Try it: Print the lines in the listing below that fall between the line with "Unisex Heavy Cotton" and the line with "Free People Women's", those two lines included, exactly as they stand and with nothing else.

**** Material provided ****

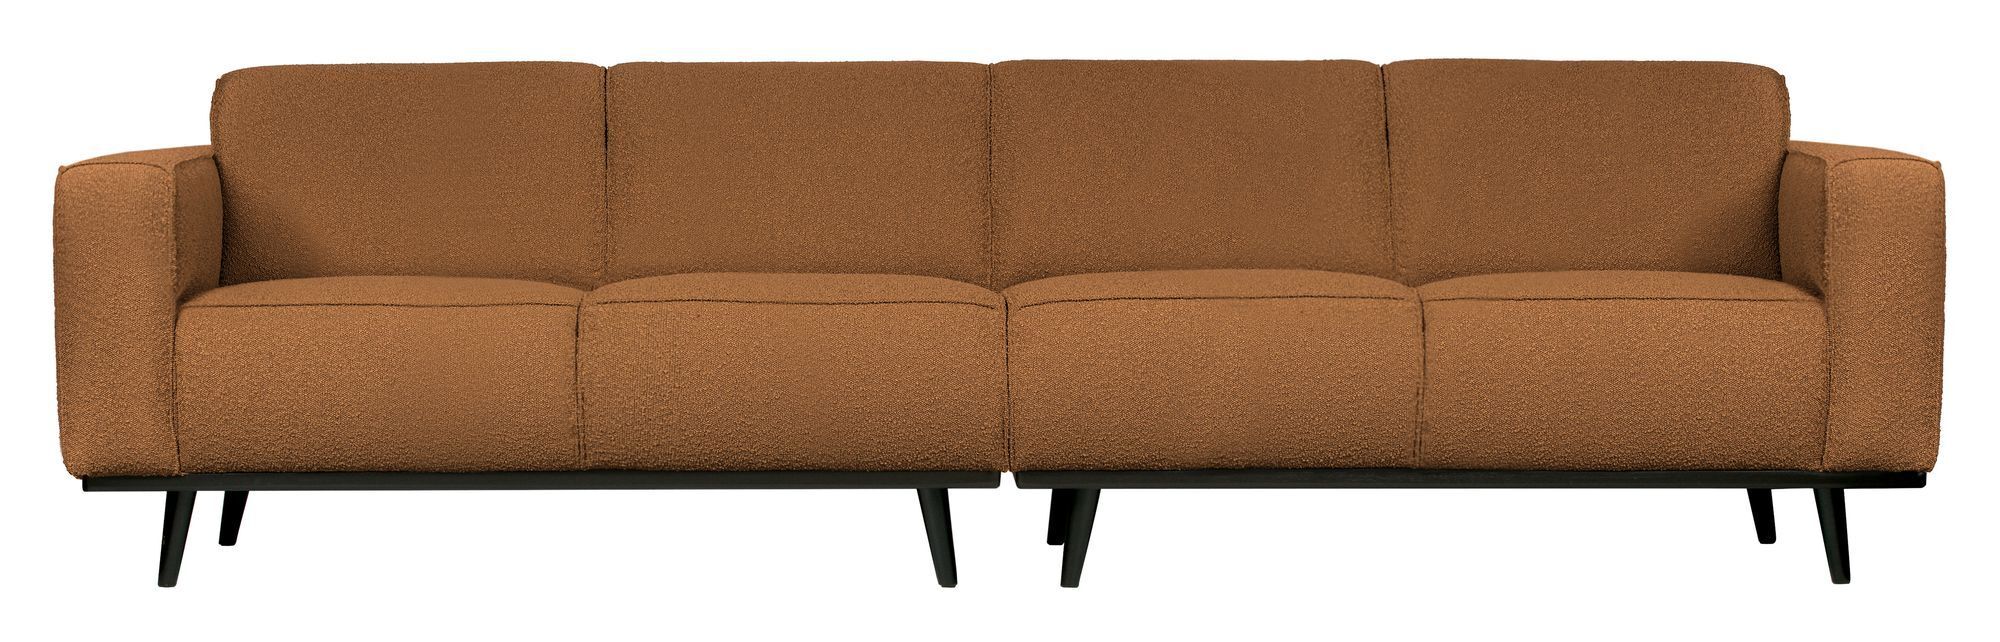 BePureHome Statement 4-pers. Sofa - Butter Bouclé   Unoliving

****
**** Material provided ****

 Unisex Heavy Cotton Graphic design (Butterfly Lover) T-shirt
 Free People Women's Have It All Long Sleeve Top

****
**** Material provided ****

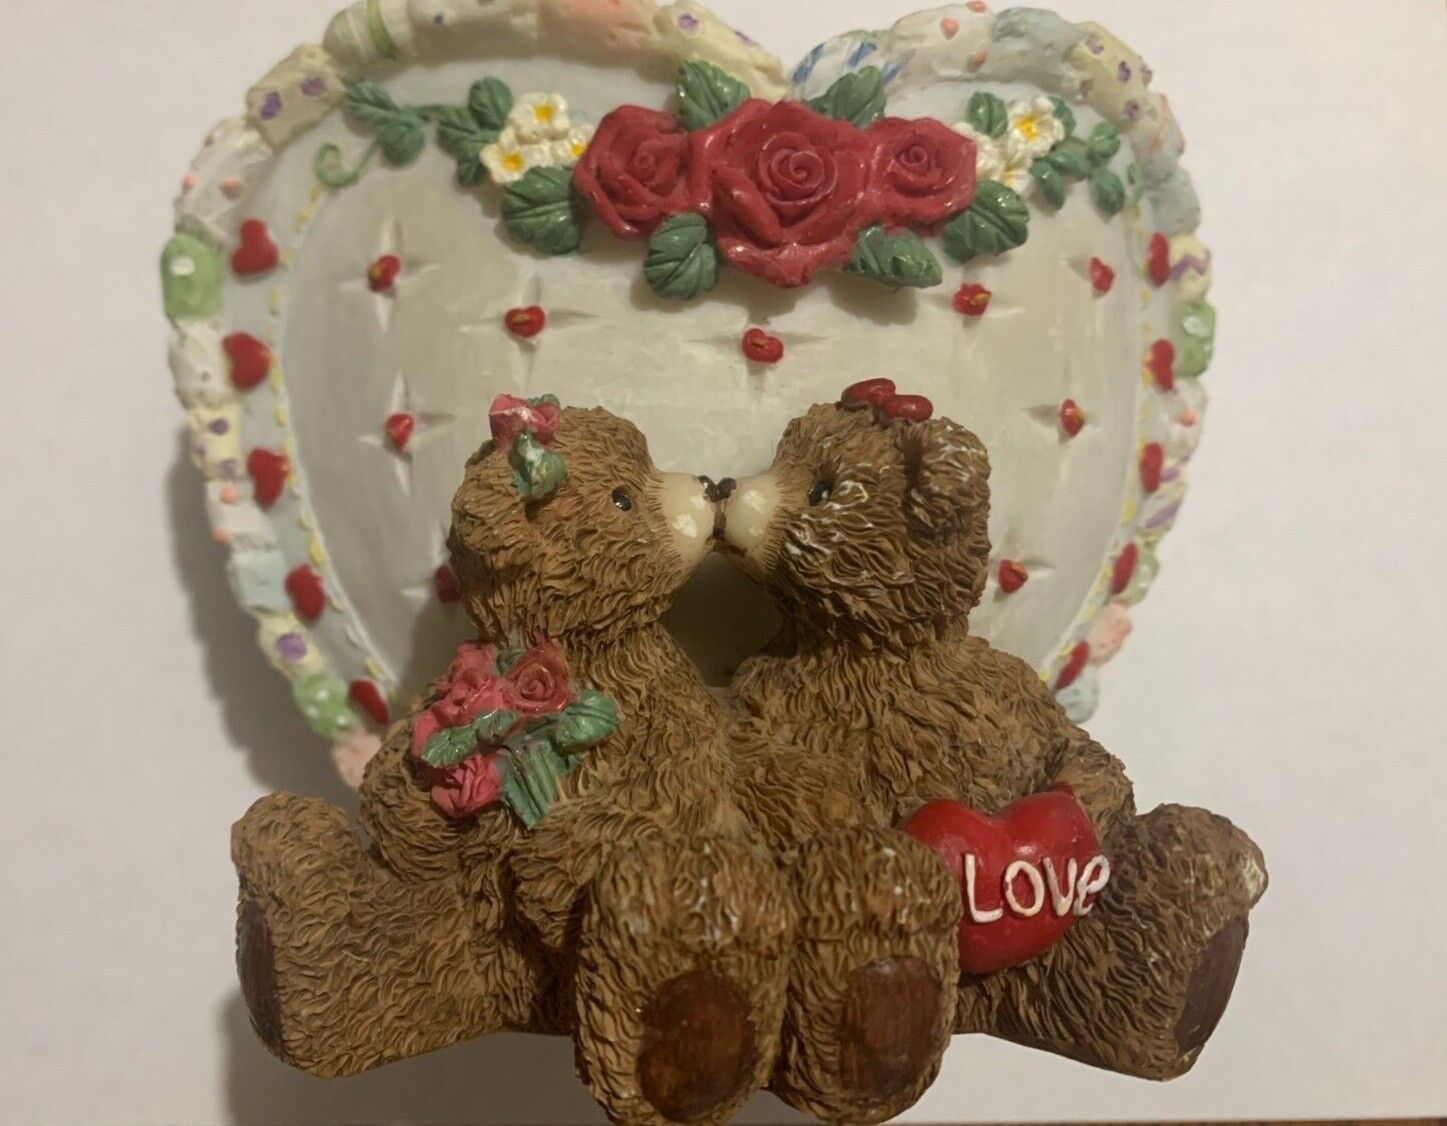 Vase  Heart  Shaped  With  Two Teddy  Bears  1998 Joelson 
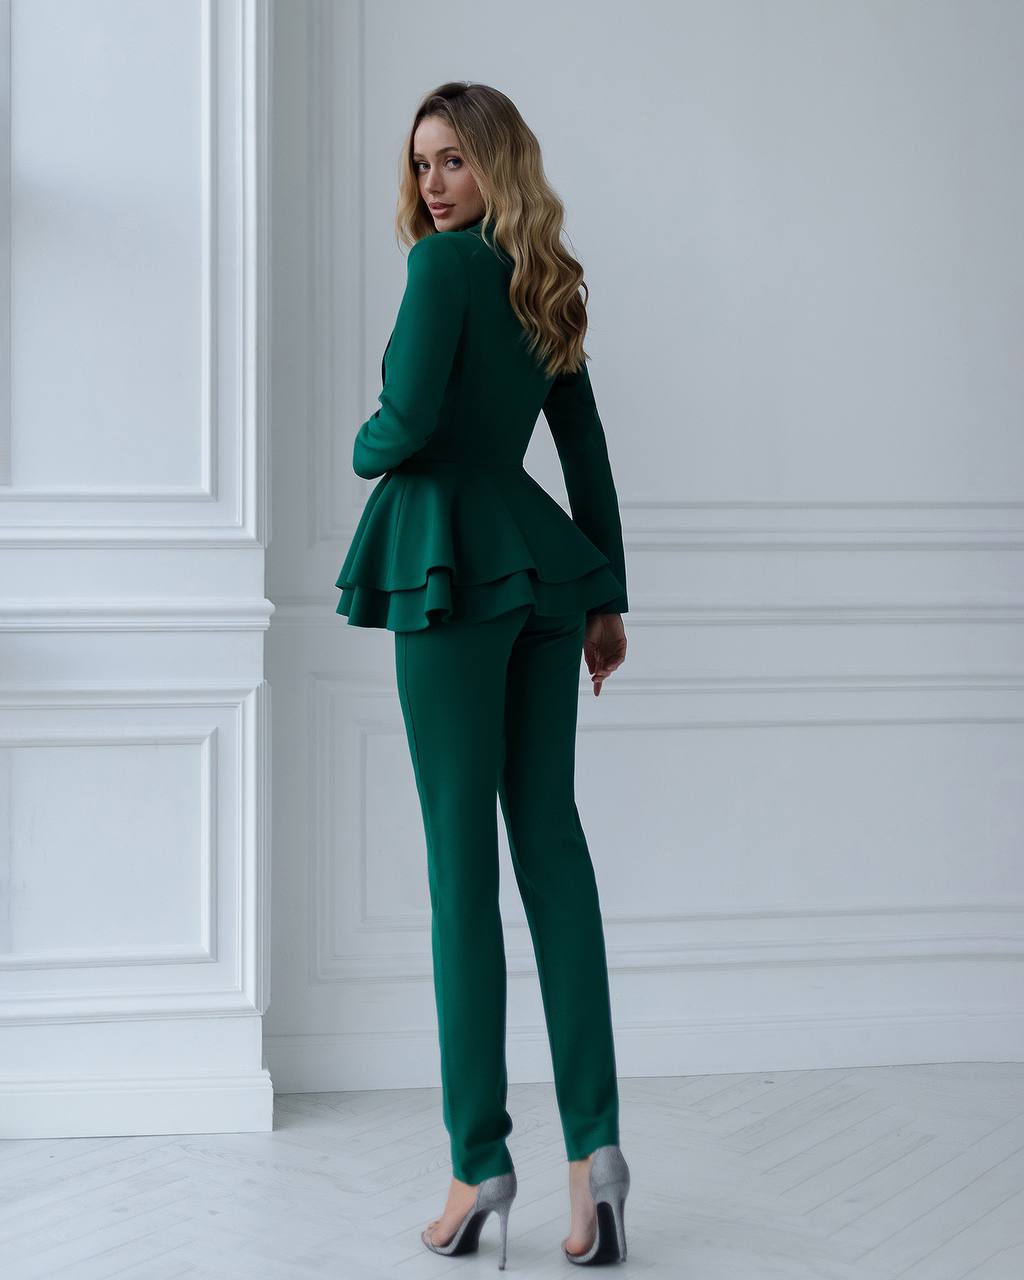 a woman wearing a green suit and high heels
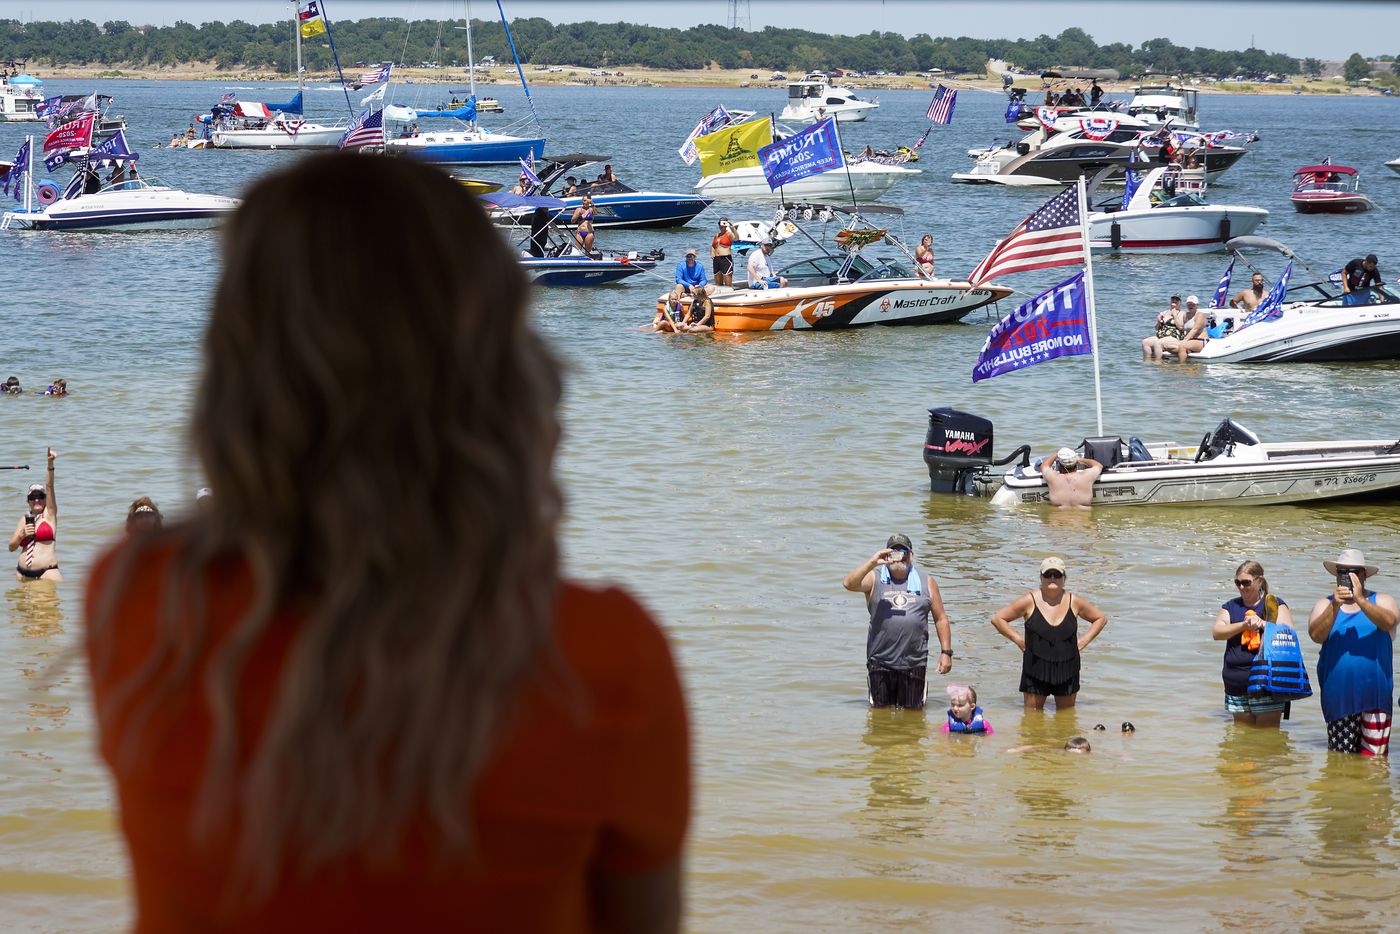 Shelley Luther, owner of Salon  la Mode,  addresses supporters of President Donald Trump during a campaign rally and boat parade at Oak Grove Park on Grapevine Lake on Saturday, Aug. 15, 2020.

****

Answer to the problem:
 Unisex Heavy Cotton Graphic design (Butterfly Lover) T-shirt
 Free People Women's Have It All Long Sleeve Top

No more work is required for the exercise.